PROBLEM TO WORK ON
In the entries that follow, repeat exactly the lines from the one that has "Philips FW-C380 manual" through the one that has "Helena Rubinstein Collagenist", but omit pictures.

DATA IN THIS EXERCISE
Segment Open
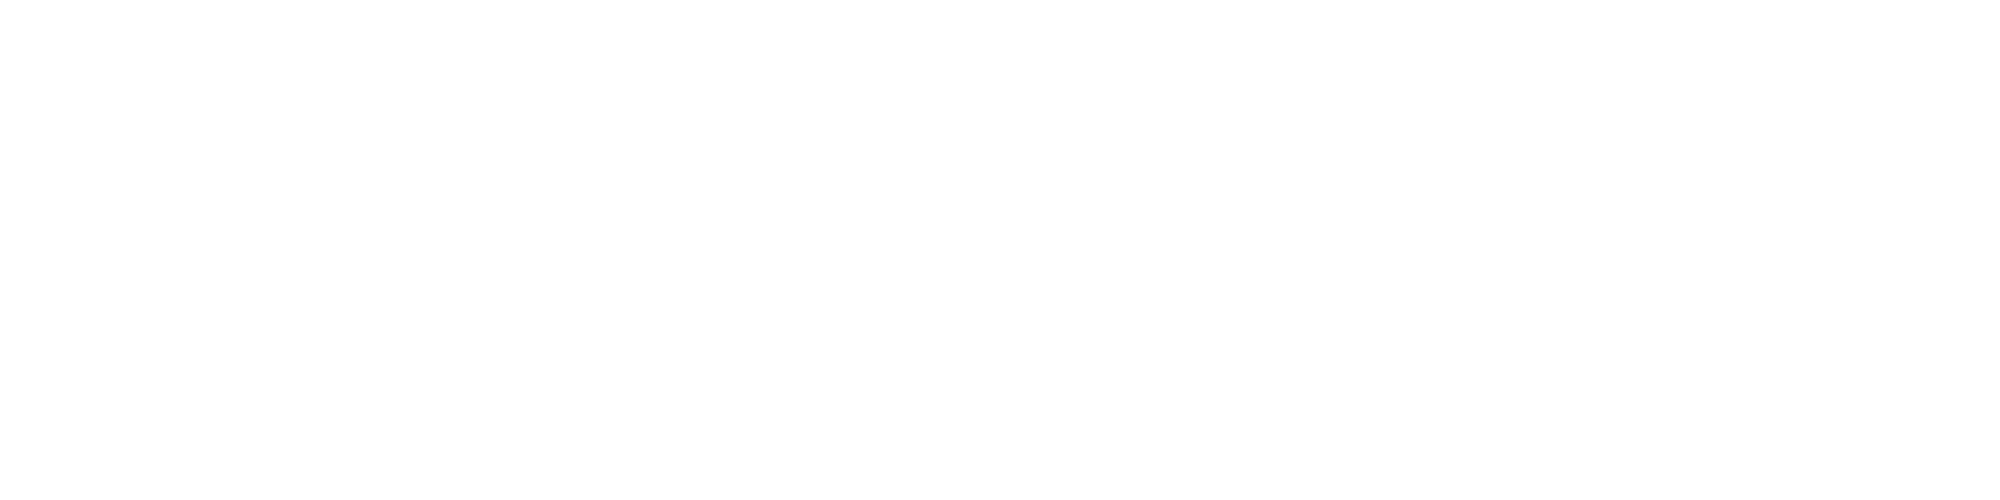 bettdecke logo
Segment Closed
Segment Open
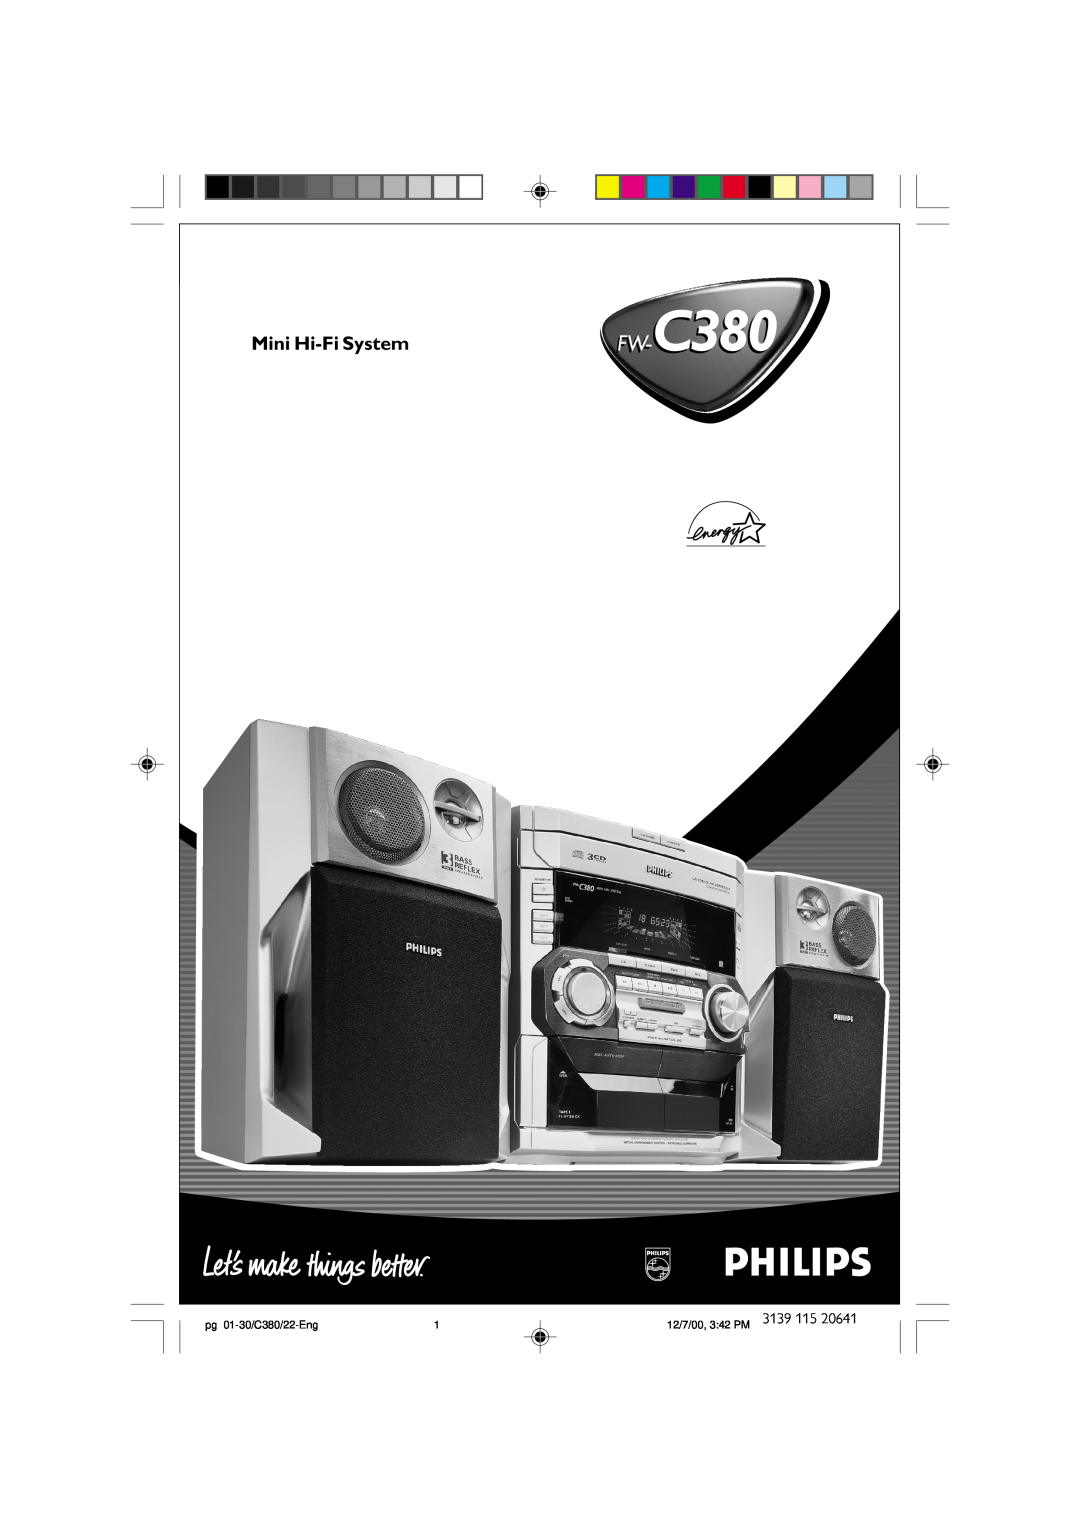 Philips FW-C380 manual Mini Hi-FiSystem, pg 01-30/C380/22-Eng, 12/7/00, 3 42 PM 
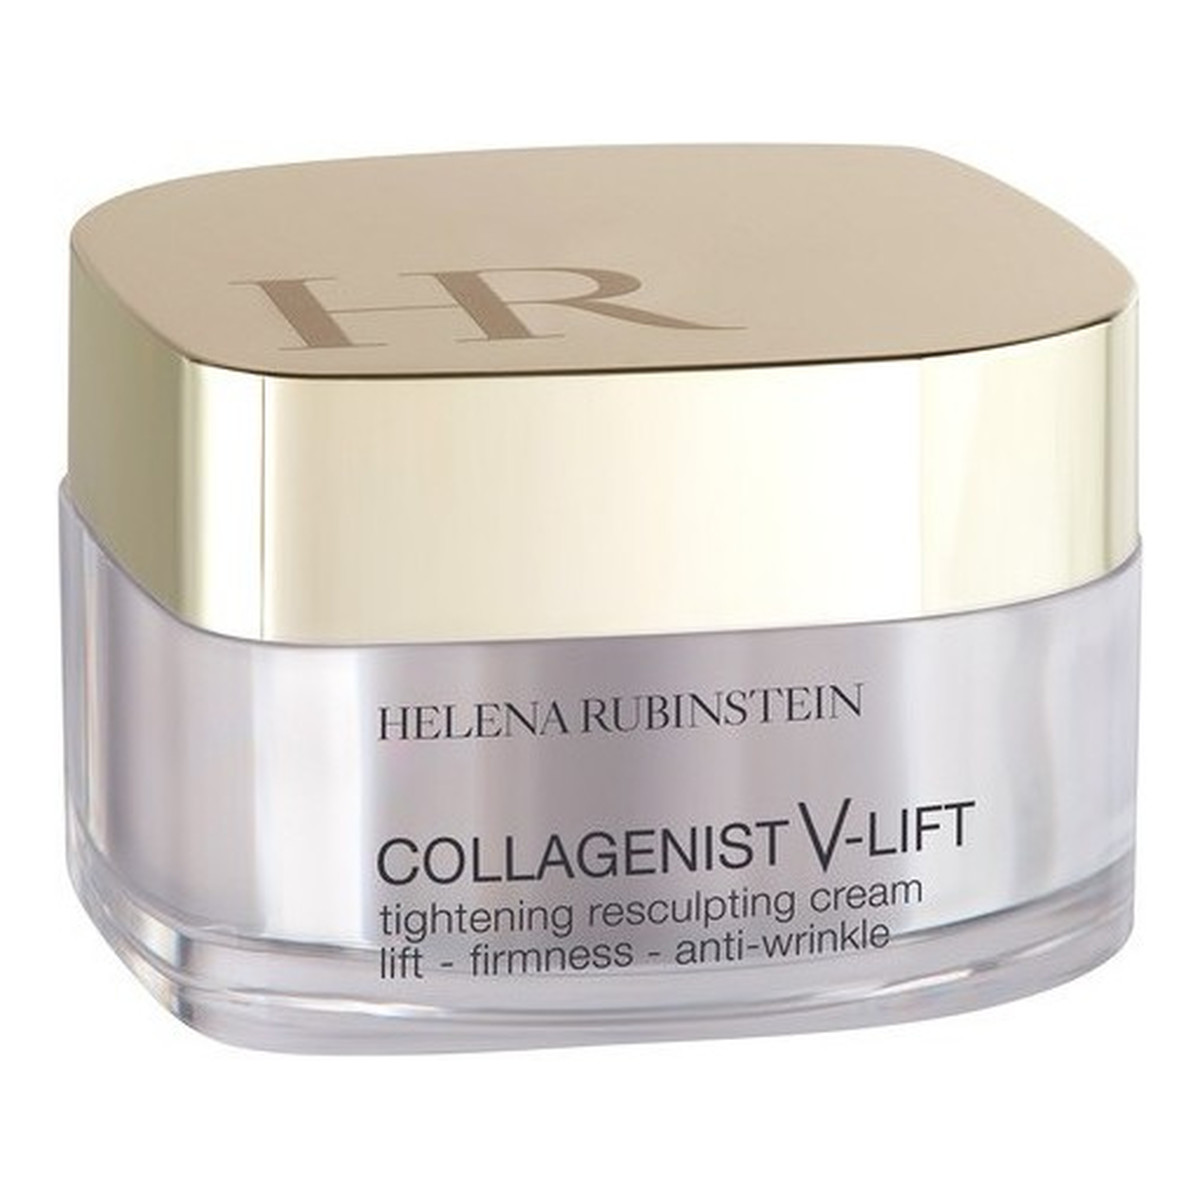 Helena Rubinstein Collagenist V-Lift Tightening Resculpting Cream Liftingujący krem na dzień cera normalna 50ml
Segment Closed
SOLVED PROBLEM
 Philips FW-C380 manual Mini Hi-FiSystem, pg 01-30/C380/22-Eng, 12/7/00, 3 42 PM 
 Helena Rubinstein Collagenist V-Lift Tightening Resculpting Cream Liftingujący krem na dzień cera normalna 50ml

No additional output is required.